# Xbox live hackers steal money out of mom's Visa



## carverman (Nov 8, 2010)

It's a creative hacking world out there it seems and the Microsoft Xbox games (Microsoft Xbox Live) seems to feed the users (just like buying drugs) and extort money out of them.
Hackers are quite prevalent on these Xbox Live accounts and steal virtual credits bought from Microsoft and money out of your credit card, if it is left as an open credit card
where the CC information is retained.
http://www.cbc.ca/news/canada/british-columbia/story/2013/03/22/bc-fifa-hacking.html




> It’s big business. They (Microsoft) are targeting the kids, especially under 13. The kids think this is the best thing since sliced bread, so I feel that they are targeting the kids and getting their parents to pay more and more and more into a digital [player] add-on system.”


Ok, this is the mom's fault for giving "little Johnny" her credit card information and not keeping tabs on how it was going to be used.

"Little Johnny"...Mom!

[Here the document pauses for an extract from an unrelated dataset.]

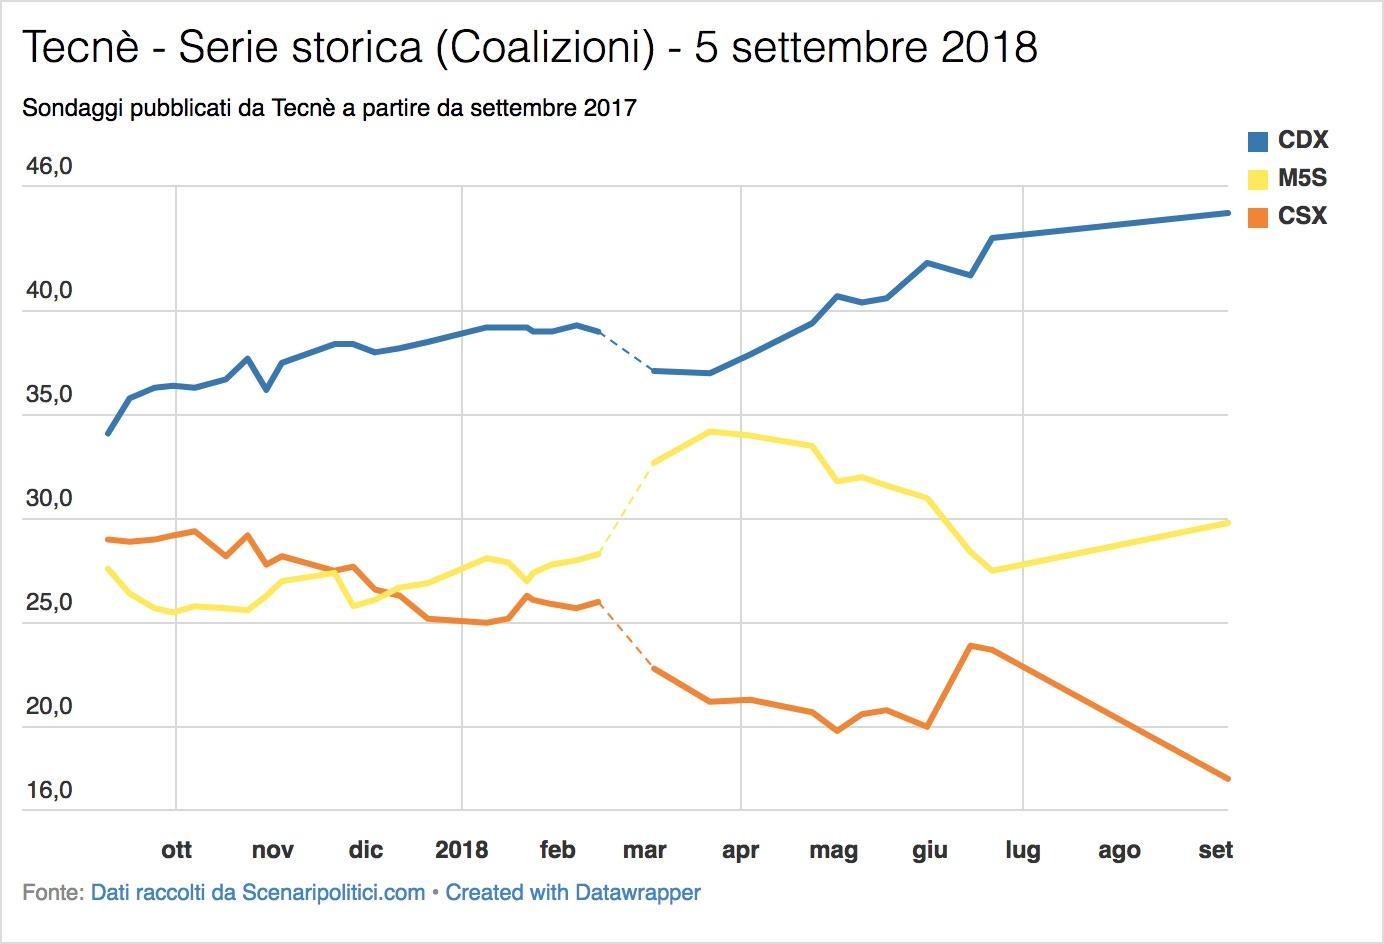 Sondaggio Tecnè (5 settembre 2018)

I just gotta buy these additional virtual players on my team..because MY team is going to win..but I just need to get "Beckham" for $100!
Mommie: ok little Johnny..I don't want to hold you back on your dreams of being a champion soccer player..here's my Visa..but "choose wisely".


----------



## financialnoob (Feb 26, 2011)

I love how she calls out Microsoft for lax security after handing her 11-year old her credit card.

There are so many other ways to buy this type of stuff that doesn't involve saving your credit card info in your 11 year-old's video game machine. While I agree MS could do more, this woman could have also prevented it all by exercising a bit of caution.


----------



## Ponderling (Mar 1, 2013)

I buy xbox live points for 4 months at a time worth at the video game store. I hand over my credit card to the clerk in the bricks and mortar store. I sign the slip.

I hand over the validation code to my kids near the renewal time, if they are on top of the repsonibilites of using the box - ie are household chores still being done attentivley, and homework being done, and gettign to school regualrly. 

There are times when the subscription lapses due to me holding out on them for a week or two until I see evidence that life can be moved forward without me nagging when the box still exists, but all of thier online buddies are not available to network with in live mode.


----------